Jaded here doesn’t mean cynical; Dollbaum’s songs on his debut album Wellswood (Big Legal Mess) are suffused in the painful melancholy of hopeless empathy. The first track, “Florida,” set in the physically and spiritually ugly landscape of a gutted South, is about a battered sex worker trying to get by and a narrator who knows that there’s no better way to make a living. The music charges up to a driving rock strum as Dollbaum wails defiantly, “I promise you my teeth if you promise me your hand/I’m gonna give you the most beautiful funeral that I possibly can.”
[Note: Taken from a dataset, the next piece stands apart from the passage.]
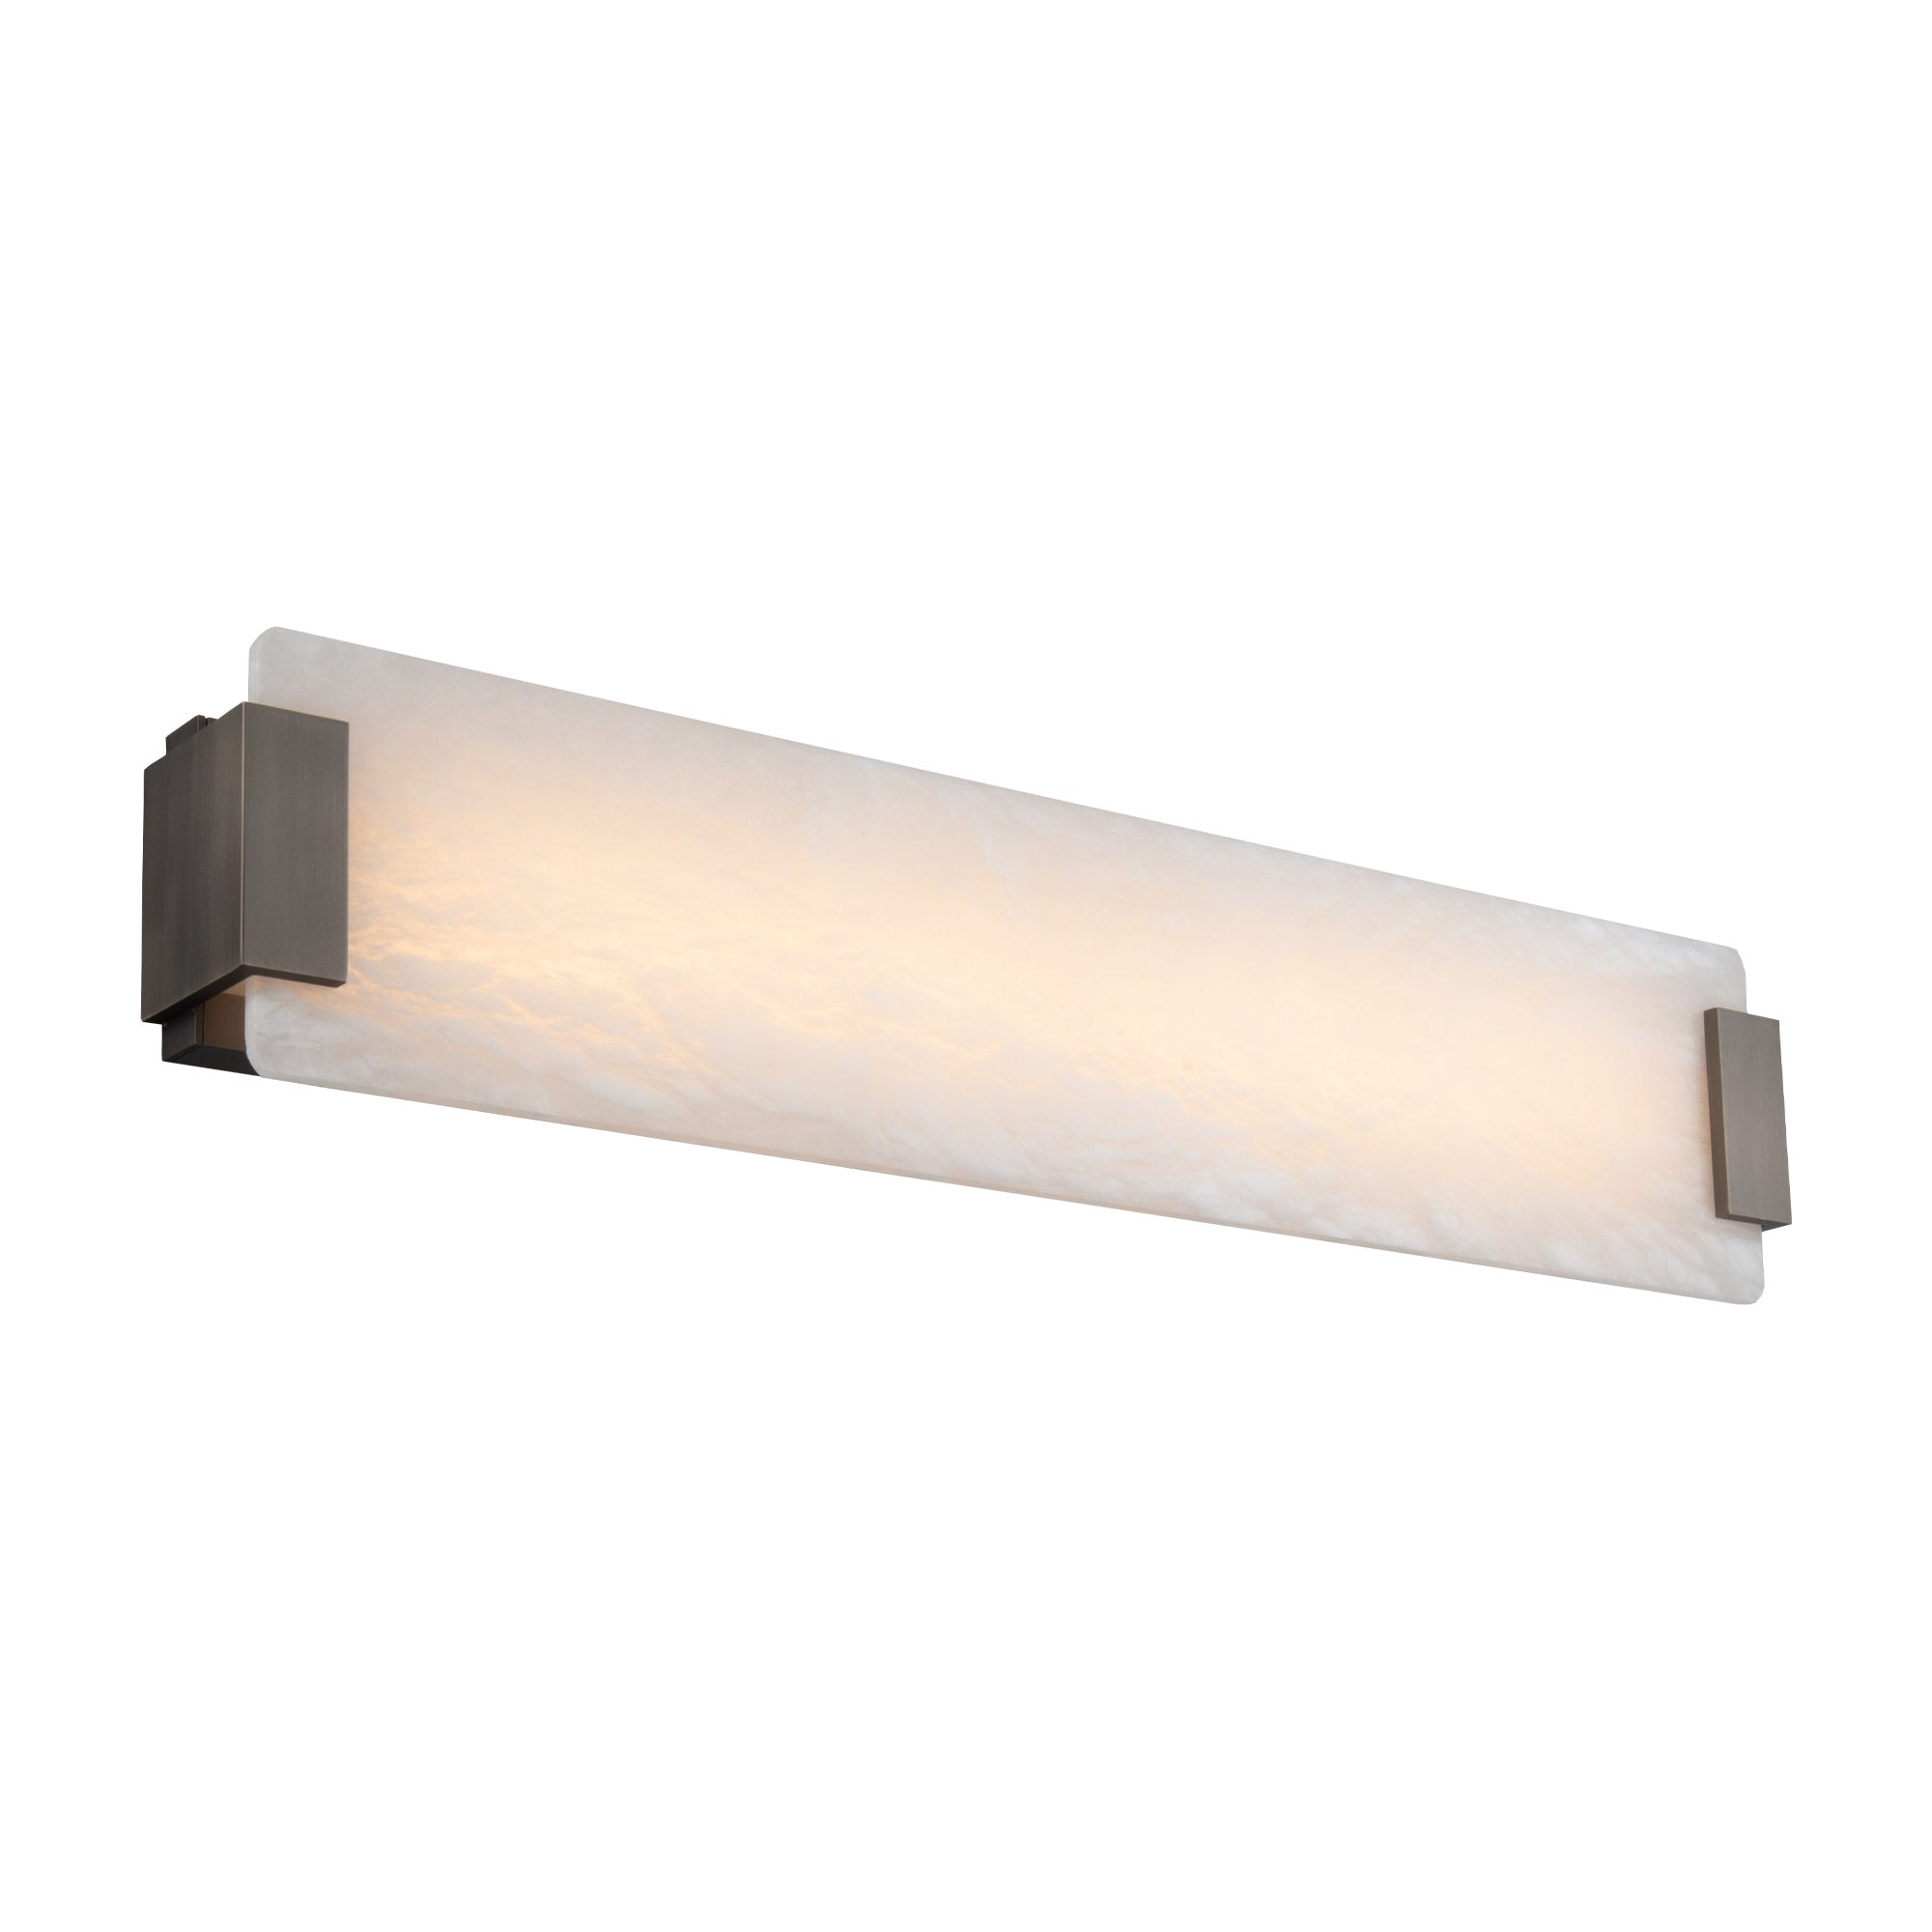 QUARRY Bathroom sconce Nickel INTEGRATED LED - WS-60028-BN | MODERN FORMS

Neil Young’s fuzz guitar and ragged attack are another touchstone for Dollbaum; the opening of “All Is Well” sounds like a lost CSN&Y track, with the stinging electric notes splashing acid on the folksy multi-tracked harmony. “Well, when you fall asleep after everything so lonely you can barely speak/I got two legs to walk away from everything” is an ode to rambling that’s practically paralyzed, and on-the-road travelogue as spaced-out dark night of the soul. The classic rock swagger is observed from a distance of indie self-doubt. The result isn’t but clinical, like Dollbaum’s got his own hopelessness strapped down on an operating table, and each warble that comes out of his throat is a scalpel.

Dollbaum doesn’t address Covid or Trump explicitly. But pulling roots rock and singer-songwriter folk off the blacktop to stagger bleary-eyed a few more miles down the road feels like it’s of the moment. The loudest, most propulsive song here, “Gold Teeth,” is an anthemic love song to a plague. “I walk hand in hand with my death/She’s the only thing I need/I breathe her breath/She breathes mine, look what it does to me.” The angry minor chords are a rattle in the lungs, as the titular gold teeth crack and break on life’s grit. Defiance is barely distinguishable from despair. “Heaven’s just something I hold on to/To keep from being lost.”
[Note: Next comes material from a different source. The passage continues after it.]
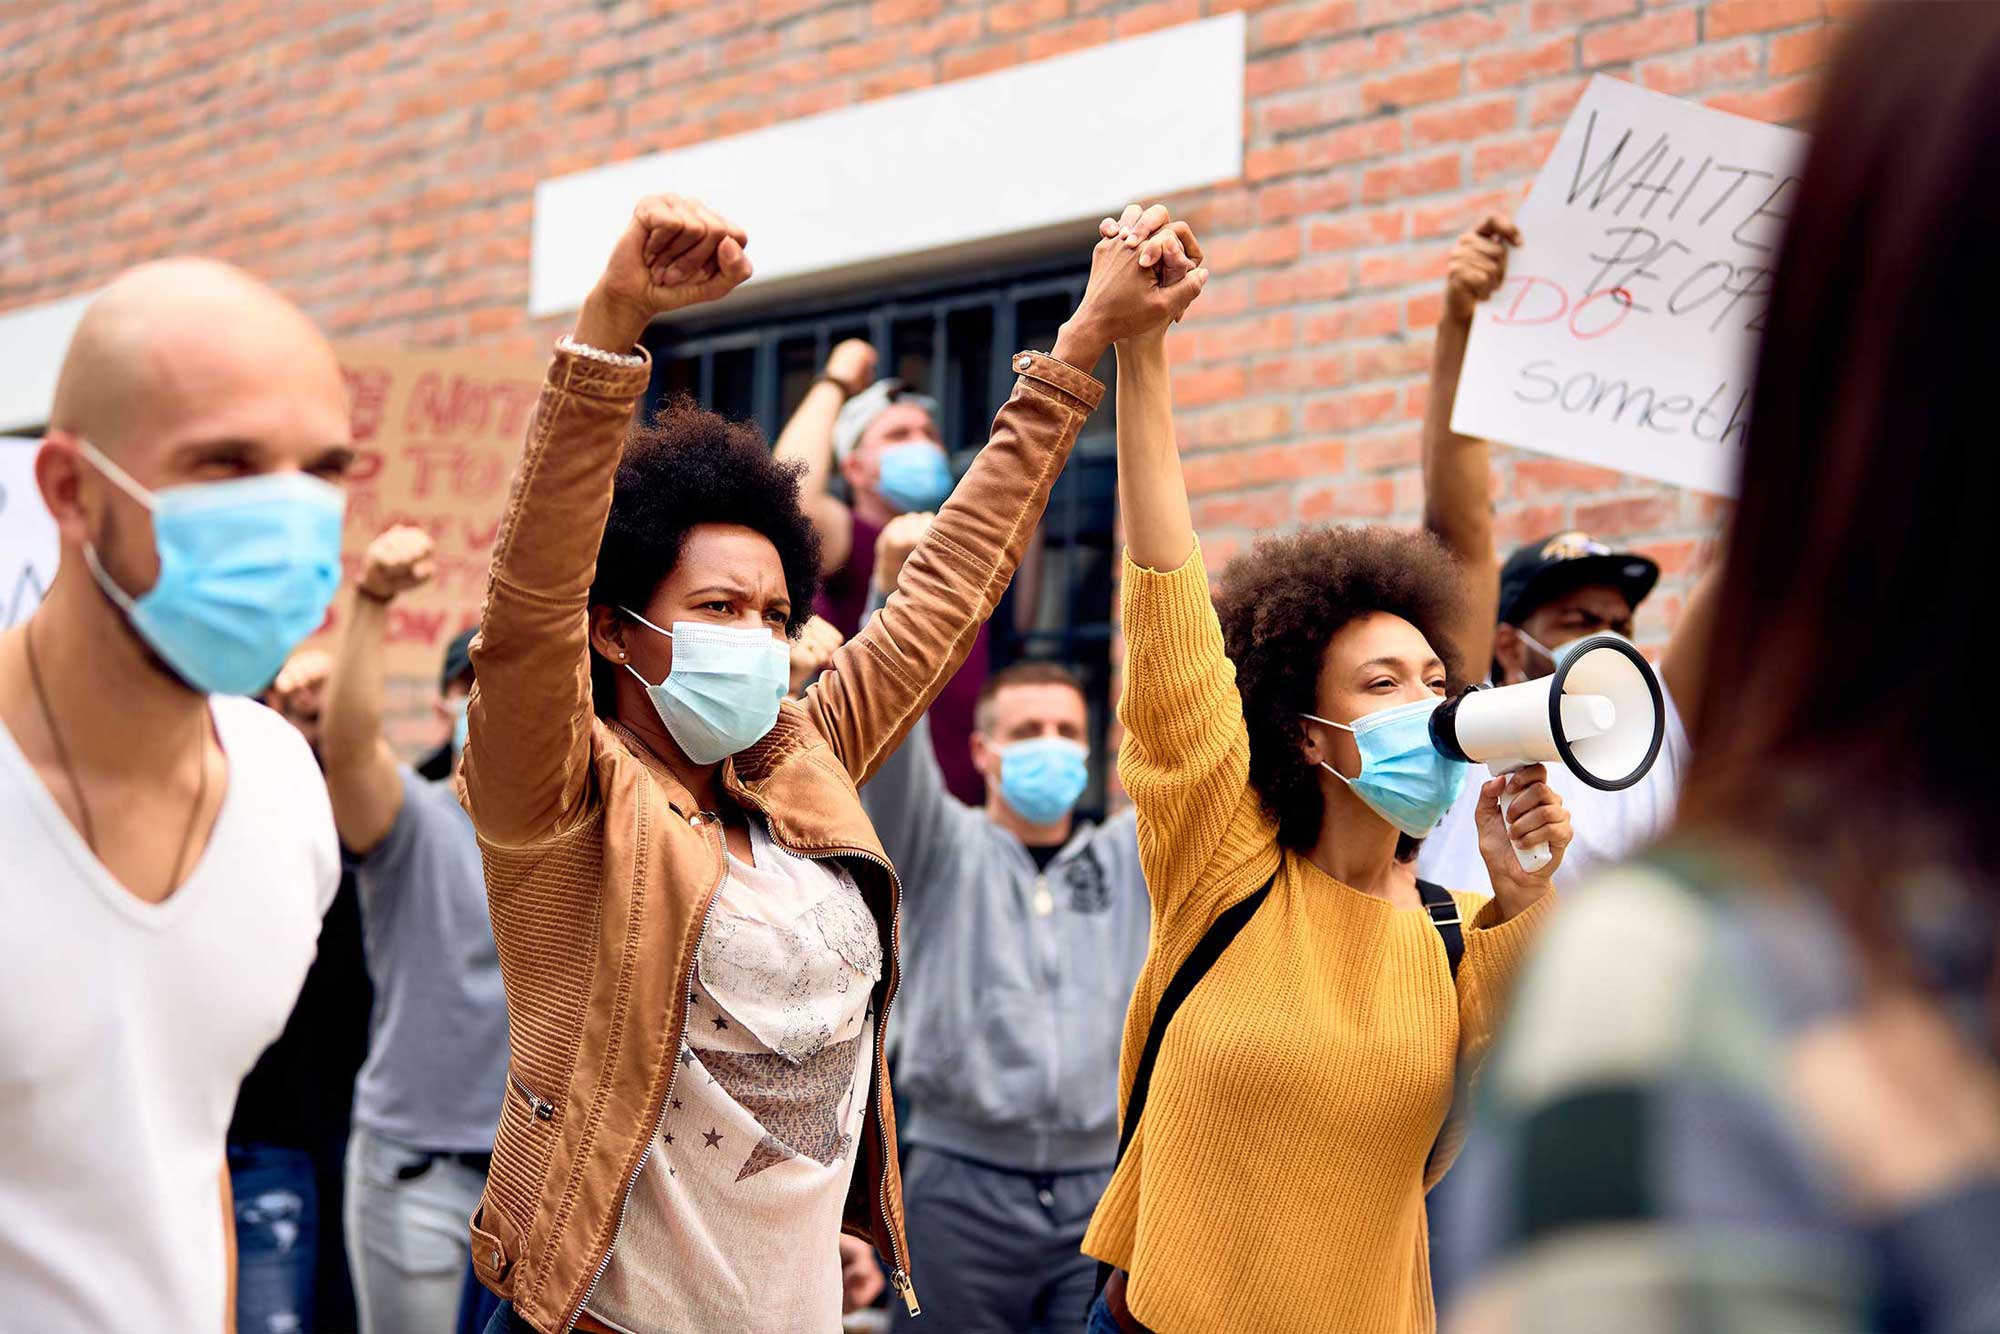 photo - People Wearing Protective Masks While Protesting at an Anti-Racism Demonstration

That last line is from “Strange,” a song that feels like Nick Drake channeling some of Nirvana’s soft/harsh/soft dynamics. Alienation starts gently, wanders around, and builds up a thunderhead of desperation before collapsing back into a sigh. “Never, never give up/On the things that make you less alone” could be an inspirational message or much less of one, depending on who you’re talking to and who’s listening. Dollbaum’s high lonesome voice, borrowed from Hank Williams by way of Jimmie Dale Gilmore, doesn’t offer many clues; it sounds like he’d be talking to himself no matter how many people have gathered around to listen.
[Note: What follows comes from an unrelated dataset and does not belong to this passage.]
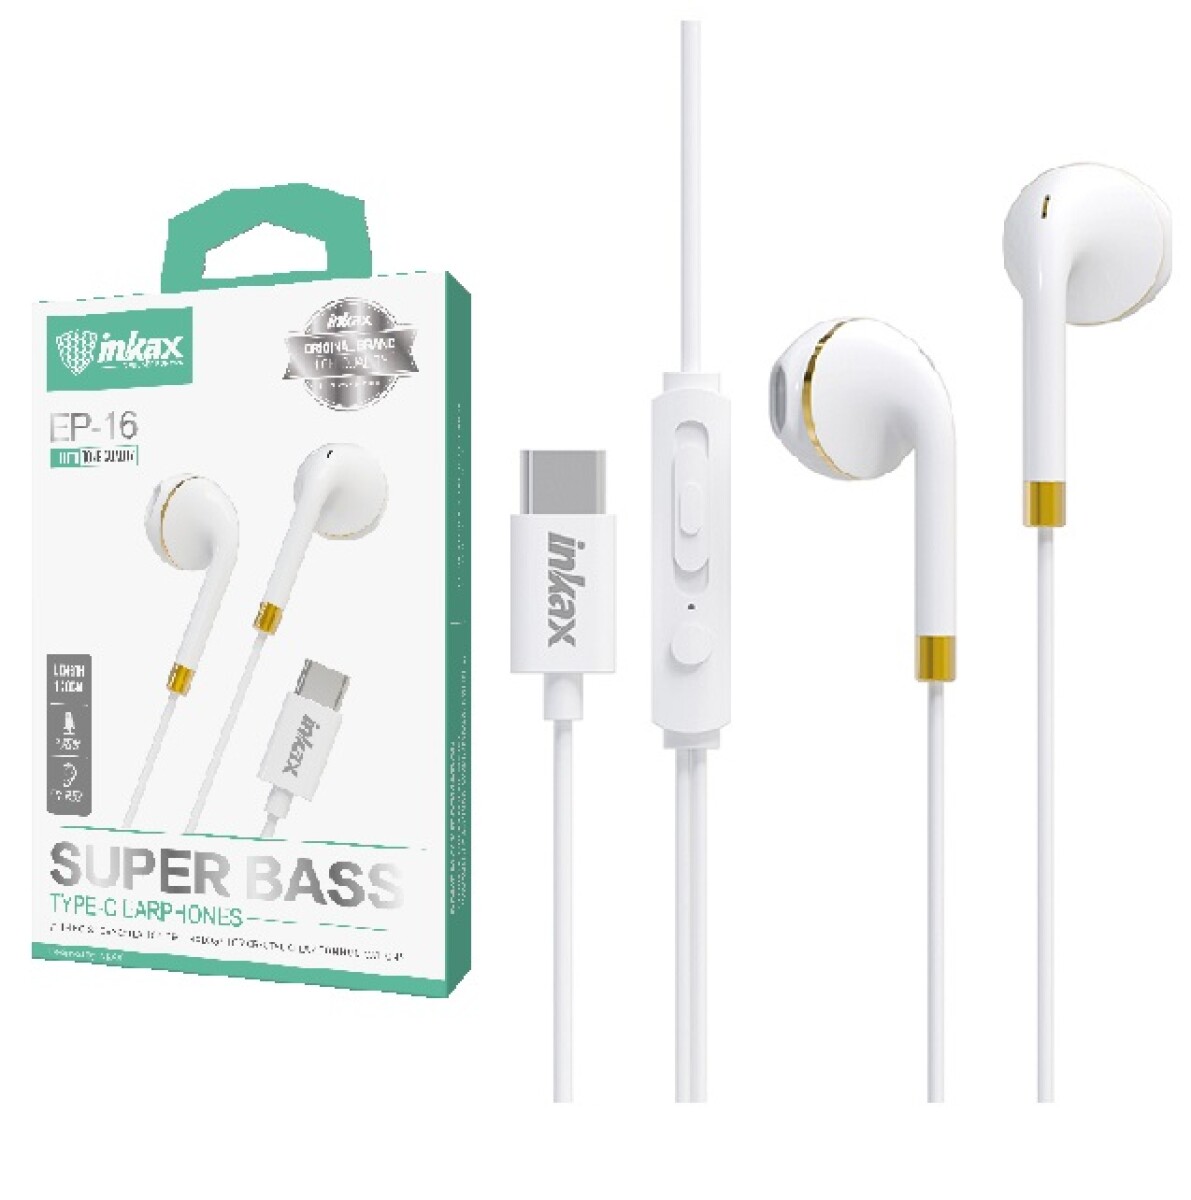 Auriculares Inkax Tipo-c Blancos - 001

Fans of retro rootsiness are pledged to legacy artists—like Springsteen—whose music, whatever its original mode, is somewhat sweetened now with the comfort of nostalgia. Who wants to have their nose rubbed in the hollow wasteland we’re currently inhabiting? For those who experience bleakness as a balm of sorts, though, Wellswood is a quiet triumph, and one of the best albums of a year that needs as many high points as it can get.